Рубашкин сел и объявил подробно свое звание, чин и цель приезда.

– Вы держите на аренде имение моего брата? – спросил он, собираясь произнести ловкий спич.

– Так, генерал.

– Вы, извините, денег ему не платите?

– Так, генерал.

– Вы съехать с этой земли не хотите?

– Так, генерал.

– Зачем же вы все это делаете?

Перебоченская положила карты на стол, достала из ридикюля табакерку, понюхала табаку и ничего не ответила, слегка, но зорко, посматривая на гостя.

– Позвольте вас вторично, сударыня, спросить, в качестве человека, уполномоченного формальною доверенностью, какие у вас на это виды?

– А вам на что? – спросила Перебоченская и оправила ленты чепца.

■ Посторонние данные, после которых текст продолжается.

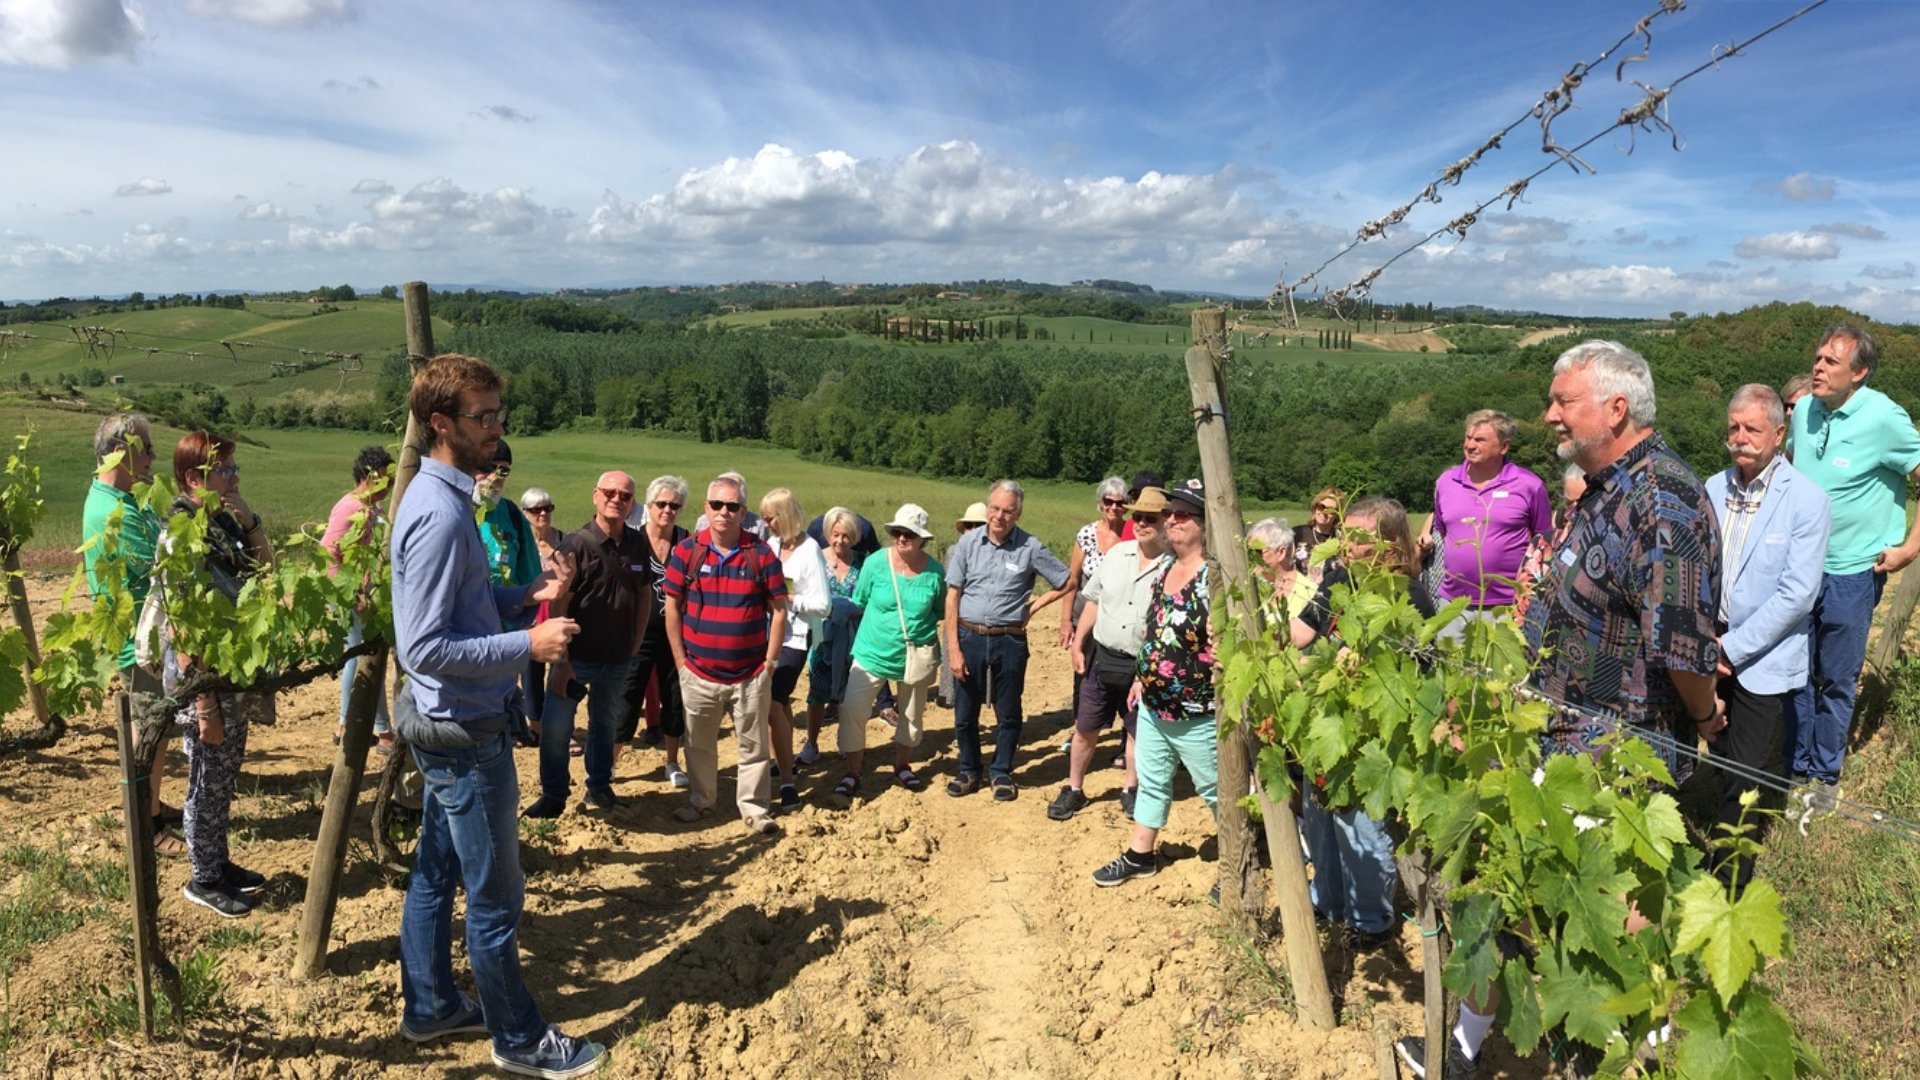 The visit to the vineyard of Tenuta Montechiaro, on the Chianti's hills near Siena

– Как на что? Да я законный истец, я представитель дел моего двоюродного брата.

– Палашка! – тихо вскрикнула Перебоченская, повернувшись на диване к стороне внутренних комнат дома. – Палашка!

Дверь в соседнюю комнату была притворена. Оттуда никто не являлся. Только было слышно, как в зале в клетке мерно прыгала с жердочки на дно и со дна опять на жердочку какая-то тяжеловатая птица. Да в передней аккуратно и звонко стукали заржавленным маятником часы.

– Палашка! – крикнула опять хозяйка, не оборачиваясь к гостю.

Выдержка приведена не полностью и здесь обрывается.